Gibbs (1988) argues that ‘it is not enough to just do, and neither is it enough to just think. Learning from experiences must involve linking the doing and the thinking’. Cubes-Skywriter states that ‘Learning is a recess as well as an outcome’ (1922) My understanding is that yes everyone is different and we will all have our preferred learning method however unless we attempt them all how Will we better ourselves, we need to be open to all methods of learning and try our hardest at each of them we can always ask for support if we need it.
If someone chooses to only learn by doing for example this could prove to be very dangerous especially in the Health and Social care sector as mistakes could be made and not noticed, you may think the understanding is there when it’s not and they may not have knowledge of escalation and understand regulations.
Another example if someone chose only the theoretical learning style they may be able to tell you exactly how to perform something however with no ‘doing’ experience this could also prove to be risky. You will learn different things using different methods/styles of learning, training such as moving and handling will link to Gibbs argument as it has a theory part and then a practical part, therefore you are linking the doing and the thinking.
Whereas Kola’s theory would link to something happening in the workplace and you learning from that particular experience after it has happened for example, leaving a glass of water on the edge of the table, it was knocked to the floor because the service user knocked the table slightly with their walking aid, from this we would have learnt that the glass of water needs to be placed on a table nearer the centre where it could not be knocked off as easily, or that the table should be moved to allow better access for the service user due to needing a walking aid.

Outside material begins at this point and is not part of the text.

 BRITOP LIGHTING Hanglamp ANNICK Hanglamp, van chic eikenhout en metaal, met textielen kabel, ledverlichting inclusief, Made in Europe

I personally would use Kola’s cycle but in a different order to begin with think, plan, do and then observe. Now taking into consideration all of the above statements and how hey apply to my workplace, firstly the training for the support workers, the moving and handling training and the restraint training have both theory and practical parts as well as observation, this is a strength in Gibbet’s theory as linking different Ways of learning has proven to be effective with these types of training were a special technique is used, how and why it is used.

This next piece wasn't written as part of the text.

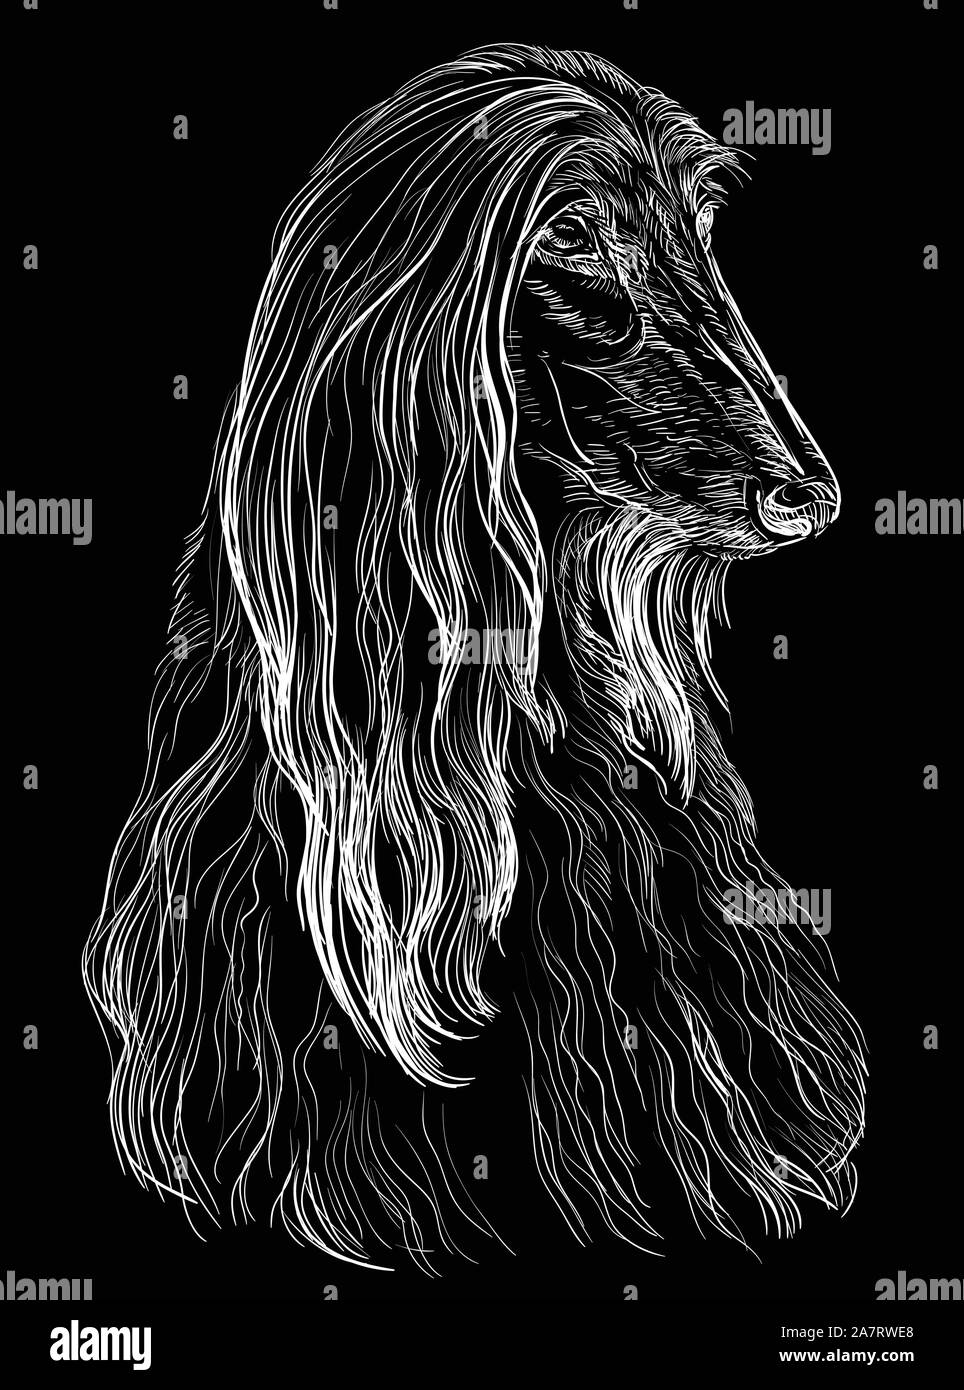 Dibujo a lápiz blanco y negro fotografías e imágenes de alta resolución -  Alamy

Now in regards to Kola’s theory learning through experience in practice this is a weakness however it can be a strength in training, in practice learning from making a mistake big or small can be fatal in Health and Social care, however n regards to training it would be seen as learning something after completing the training content which would be classed as a strength.

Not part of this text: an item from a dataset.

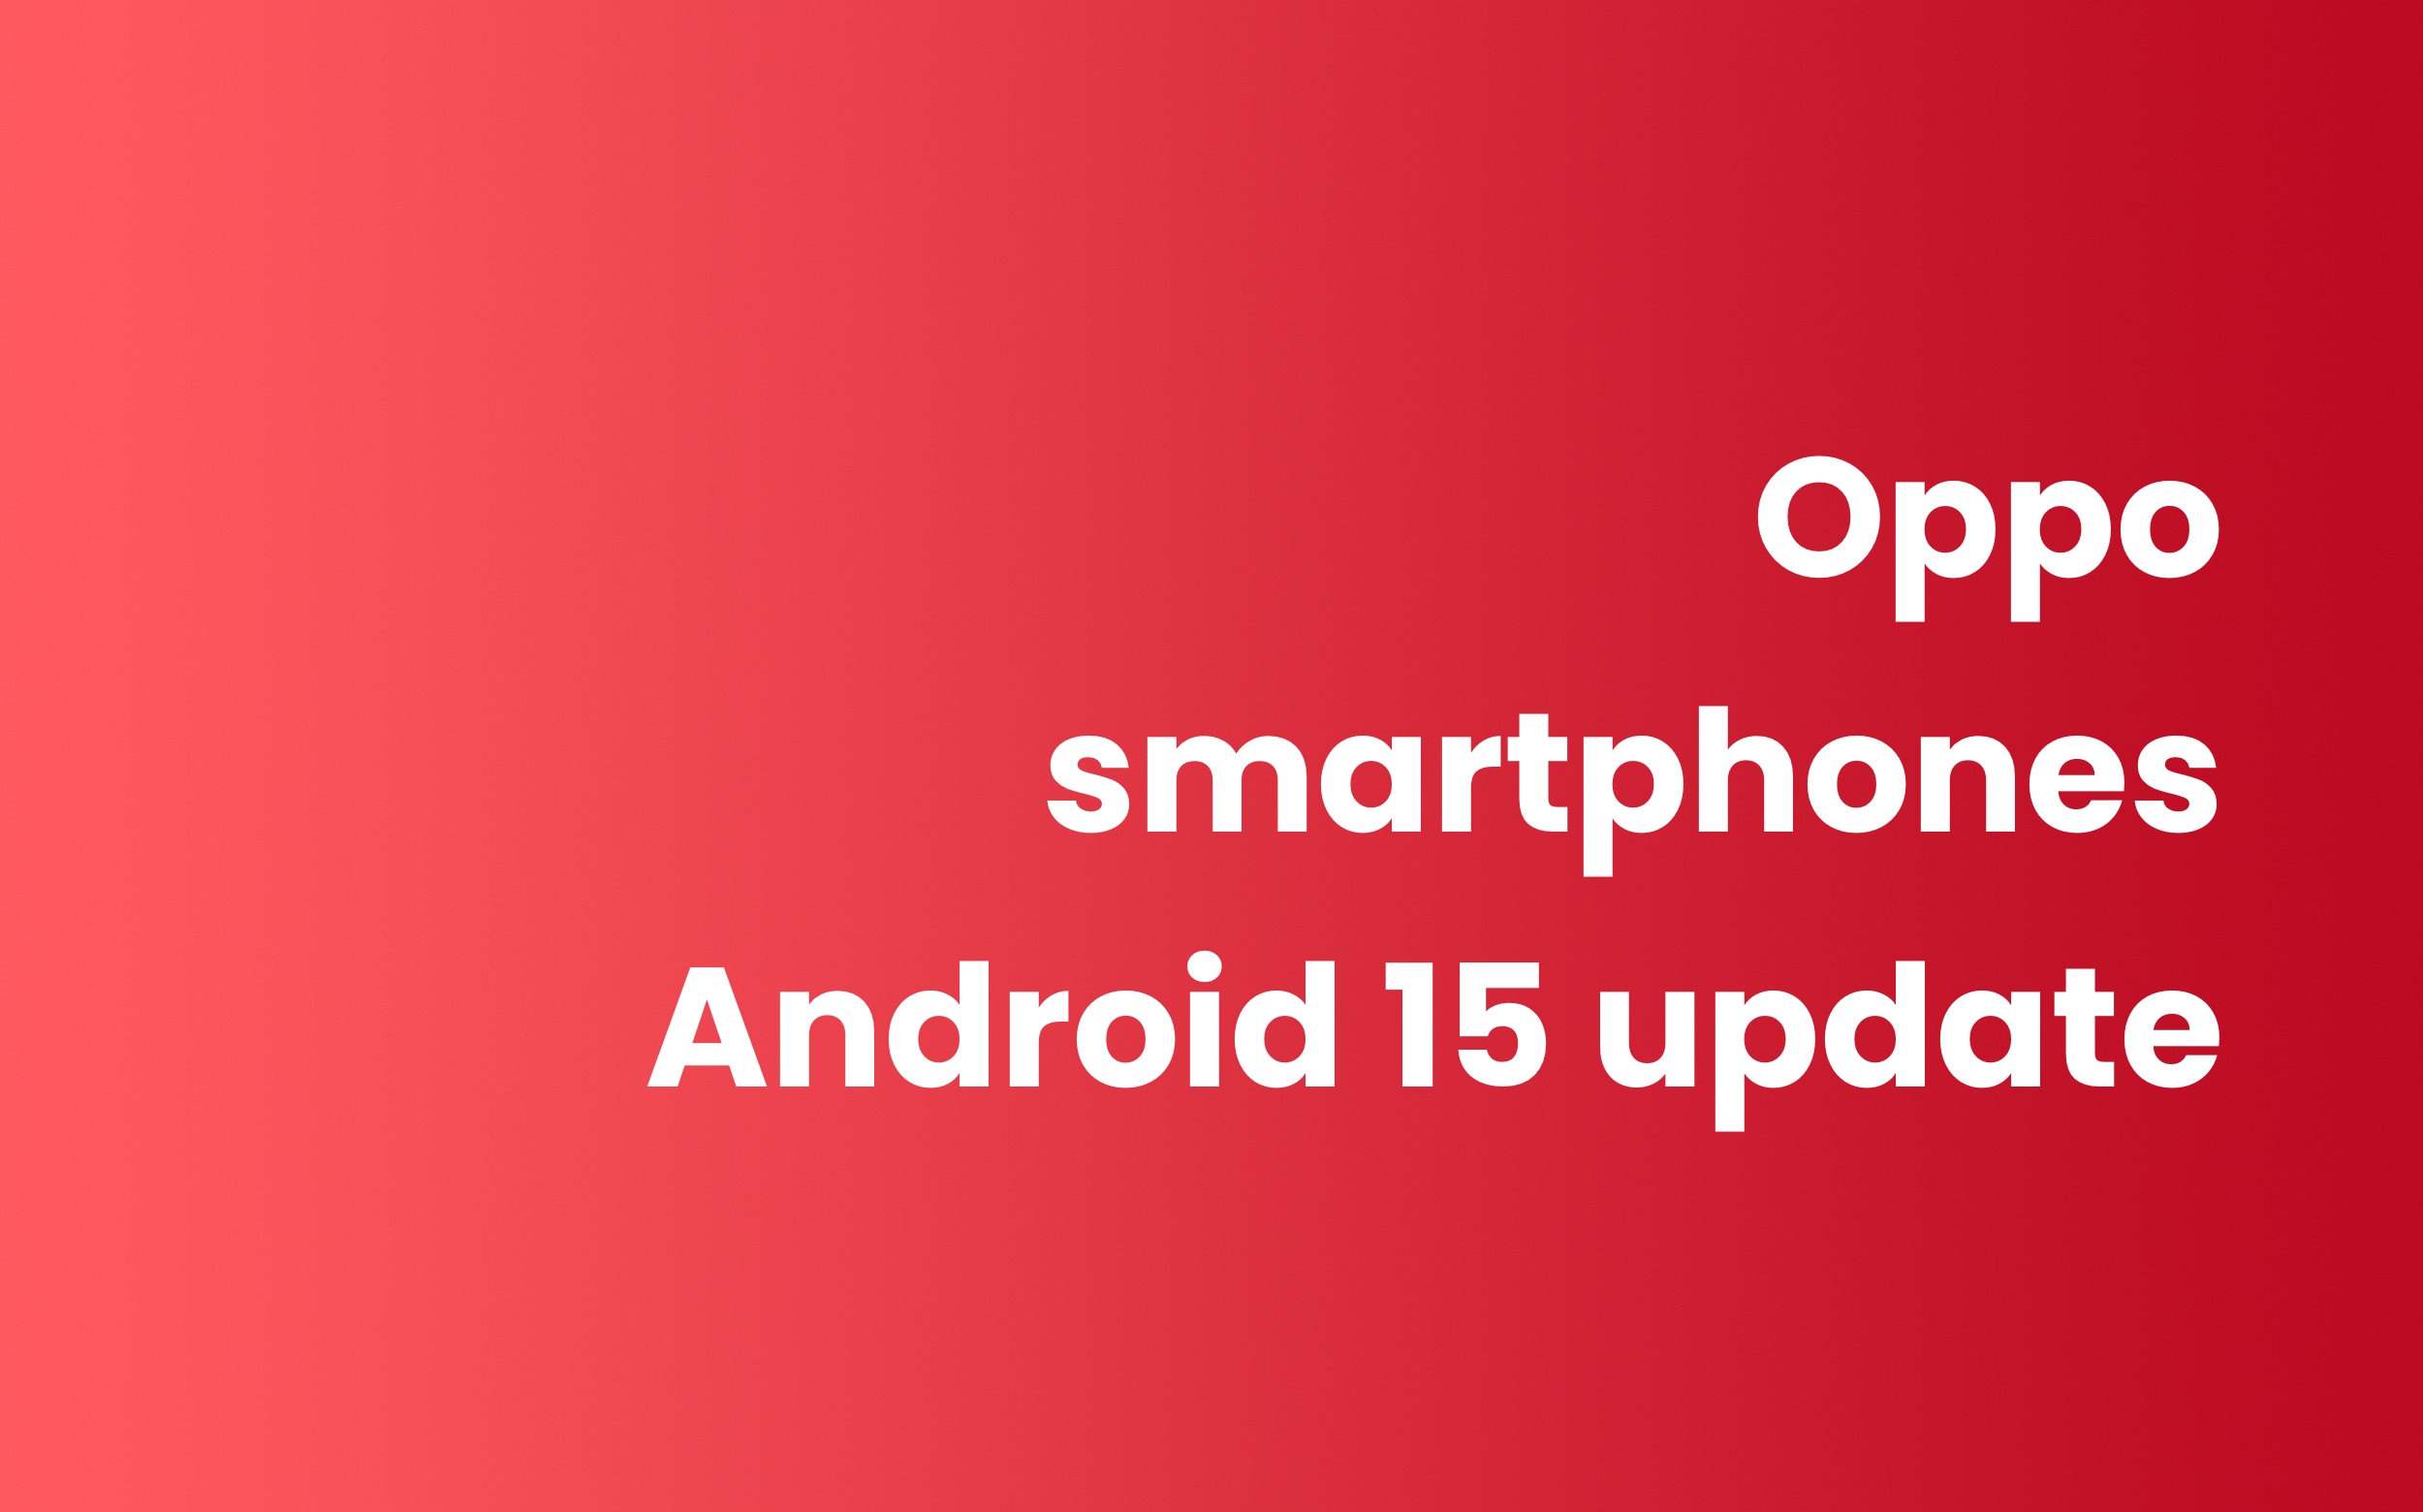 Oppo smartphones met Android 15 update

I believe Cubes- Skywriter is correct in saying that ‘Learning is a process as well as an outcome’ in regards to training, no one is expected to be perfect at everything and know everything so it is important to continue to learn and the outcome would be having new knowledge or new skills once you have learnt something new. 10. It is important to use reflective practices to improve performance at my work place to ensure that the highest standards are being met and that I am tattering for everyone’s needs, service users as well as support staff.